This is similar to the MORAN feature. However, their differences lie in function, normalization, and calculation as NMBroto is calculated using the frequencies of k-spaced amino acid pairs and the amino acid composition of the protein sequence46. NMBroto can be defined as:

$${N}_{lagi}=\frac{1}{t-lag}[{\sum }_{k=1}^{t-lag}.\left({A}_{ik}\times {A}_{k}+la{g}_{i}\right)], k=\text{1,2},3\dots t-lag$$
(8)

where \(k\) denotes the position of peptides. \(A,t,lag\) denote the length of the residues and the distance between the peptides. This study used the 16D feature of the NMBroto.

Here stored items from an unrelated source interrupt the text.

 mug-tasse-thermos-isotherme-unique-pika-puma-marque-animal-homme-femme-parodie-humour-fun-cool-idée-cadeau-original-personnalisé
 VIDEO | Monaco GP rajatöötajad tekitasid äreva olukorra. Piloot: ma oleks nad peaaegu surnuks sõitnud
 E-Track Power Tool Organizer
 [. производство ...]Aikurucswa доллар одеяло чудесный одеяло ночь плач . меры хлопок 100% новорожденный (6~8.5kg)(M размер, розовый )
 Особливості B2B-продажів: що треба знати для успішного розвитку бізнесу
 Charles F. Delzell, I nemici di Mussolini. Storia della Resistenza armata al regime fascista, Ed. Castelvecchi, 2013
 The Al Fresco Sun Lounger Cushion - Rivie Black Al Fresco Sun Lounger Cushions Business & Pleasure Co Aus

[IV] Pseudo-amino acid compositional features

PseKRAAC

This is an extension of the Pseudo Amino Acid Composition PseAAC. This feature has 16 types of clustering methods; in this study, we used type 7 features, also called multiple clusters, with 4 clustering methods47. The formula can be defined as:

$$P={f}_{i}={\sum }_{j=1}^{{20}^{n}}\frac{{f}_{i,j}}{{w}_{j}(N-n+1)}$$
(9)

where \(w\) is the weight of the \({j}\) th position, \(n\) is the length of the tuple, \(N\) is the length of the sequence, and fi is the frequency in the \({i}\) th residue.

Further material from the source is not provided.